Yes, the extended format does not seem 100% backward compatible becuase readres that don't know about the header will get it wrong.

Anyhow the point about reordering is sensible IMHO. I'd suggest to use increasing keys for the headers, not just zero but 0x0, 0x1, ....and so on so to prevent against reordering.
Michel
Posts: 2292
Joined: Mon Sep 29, 2008 1:50 am

Re: Header format for polyglot books

Post by Michel »

Yes, the extended format does not seem 100% backward compatible becuase readres that don't know about the header will get it wrong.
They will get it wrong with a probablility far less than the probability that you will get hit by a meteorite tomorrow.

Seriously if you are worried about hash collisions why is stockfish using polyglot books....?
Anyhow the point about reordering is sensible IMHO. I'd suggest to use increasing keys for the headers, not just zero but 0x0, 0x1, ....and so on so to prevent against reordering.
Obviously this would only increase the probability of hash collisions which you are so worried about.

Polyglot book merging will also mess up the header (but not in a way that programs using the resulting book will cease to function).

If you want to create a polyglot book with a non-header aware program you can add the header manually with my utility (which will delete the possibly messed up old header).
mcostalba
Posts: 2684
Joined: Sat Jun 14, 2008 9:17 pm

Re: Header format for polyglot books

Post by mcostalba »

Michel wrote: Seriously if you are worried about hash collisions why is stockfish using polyglot books....?
Collisions are not a problem per se if properly handled, I think you missed some steps along the way, please reread the thread.

To summarize:

1) To make hash collisions harmless it is enough that the read 'move' (@PG@ in your case) is invalid in all cases.

2) To prevent against reordering is a good idea IMHO to use an increasing key value from 0 to the number of used headers.
Michel
Posts: 2292
Joined: Mon Sep 29, 2008 1:50 am

Re: Header format for polyglot books

Post by Michel »

Collisions are not a problem per se if properly handled, I think you missed some steps along the way, please reread the thread.

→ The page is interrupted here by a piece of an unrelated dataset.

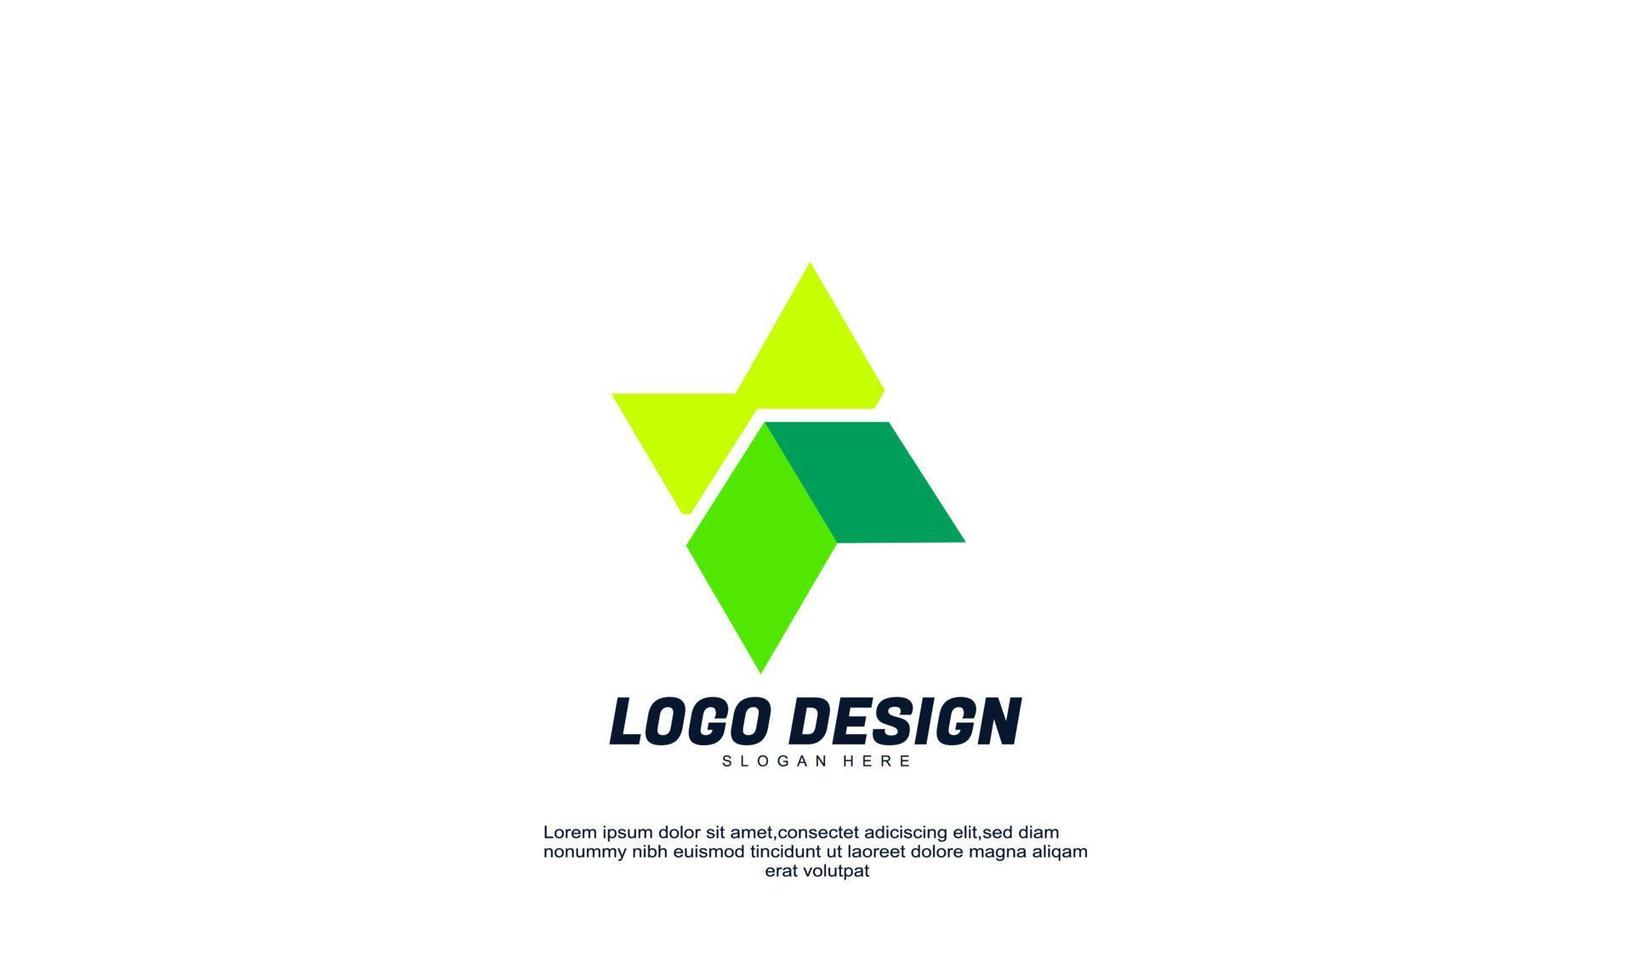 estoque vector identidade abstrata ideia criativa isolado logotipo moderno para empresa ou negócios cor verde com modelo de design plano

Collisions do not cause a crash if you do legality checking. But a move obtained through a hash collision may still be very bad even if it is legal and make you lose the game right away. This is exactly the same for a hash collision with a null record. But you seem to consistently ignore the point that this is a purely theoretical discussion. The probability of hash collisions occurring within a polyglot book are very small, but collisions occurring exactly with a null record are still much smaller.
To prevent against reordering is a good idea IMHO to use an increasing key value from 0 to the number of used headers.
This is pointless as book merging with a non header aware polyglot will still mess up the headers (but not in a way that programs using the resulting book will cease to function). Since it seems you have not read my previous post I repeat here what I wrote:
If you want to create a polyglot book with a non-header aware program you can add the header manually with my utility (which will delete the possibly messed up old header).
User avatar
Don
Posts: 5106
Joined: Tue Apr 29, 2008 4:27 pm

Re: Header format for polyglot books

Post by Don »

mcostalba wrote:
Michel wrote: Please feel free to comment.
How can you be sure that an opening position doesn't have zero key ? IOW what about hash collisions ?

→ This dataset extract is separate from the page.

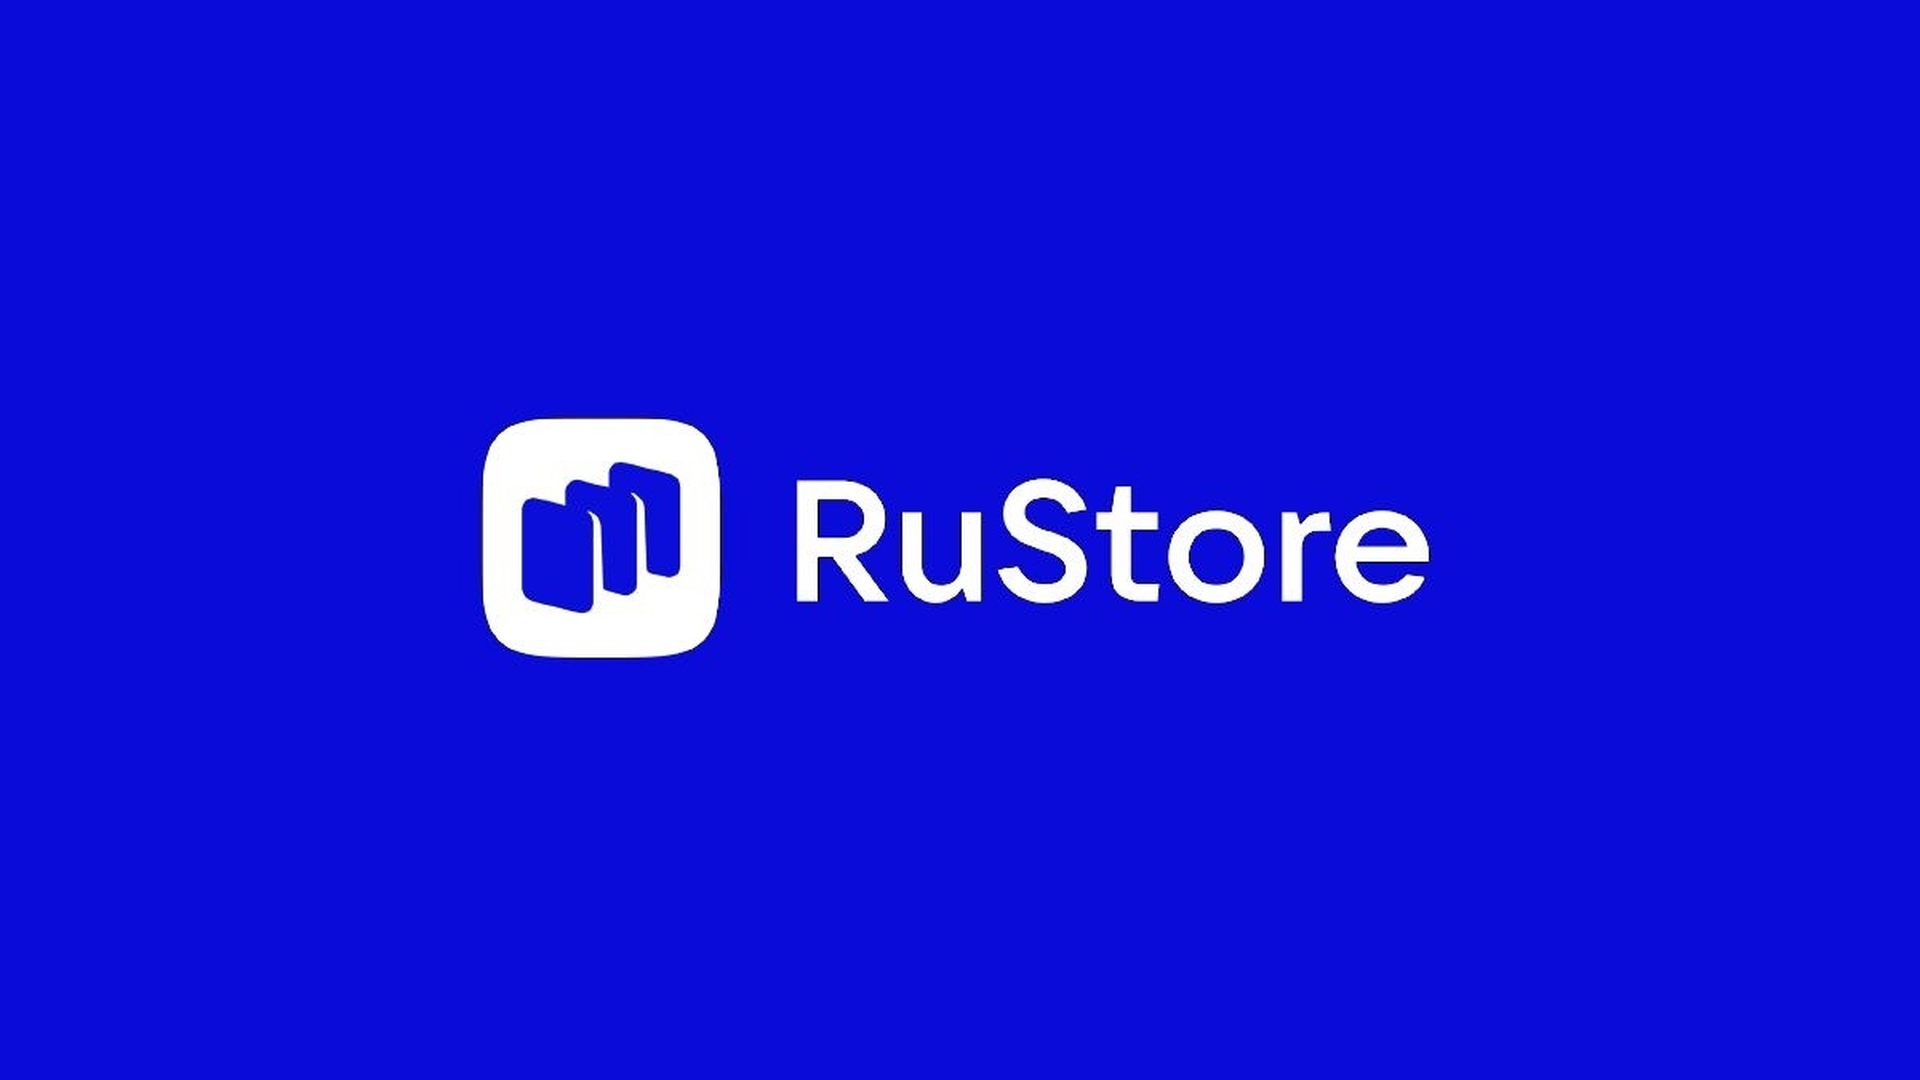 В этой статье мы расскажем, что такое RuStore, магазин приложений, разработанный ВКонтакте для замены западных альтернатив, таких как Google Play Store и App Store.

P.S: In case someone plans to answer something along the lines of "the probabilty of this is very very small", "doens't happens in practice", etc please do me a favor and be so kind to post instead "collision avoidance is not guaranteed". Thanks in advance.

P.P.S: Giving the above, perhaps the "move" field should keep a not valid move value, for instance where from square equals destination square.
The probability is quite small but the point is that it could in fact produce an error. Of course the current polyglot format has the same issue with EVERY record, it's possible that a collision will occur and the move will also be valid. So what is so special about key zero in this respect?

The best solution of course is to make sure the move field is zero too or some other invalid move.
Capital punishment would be more effective as a preventive measure if it were administered prior to the crime.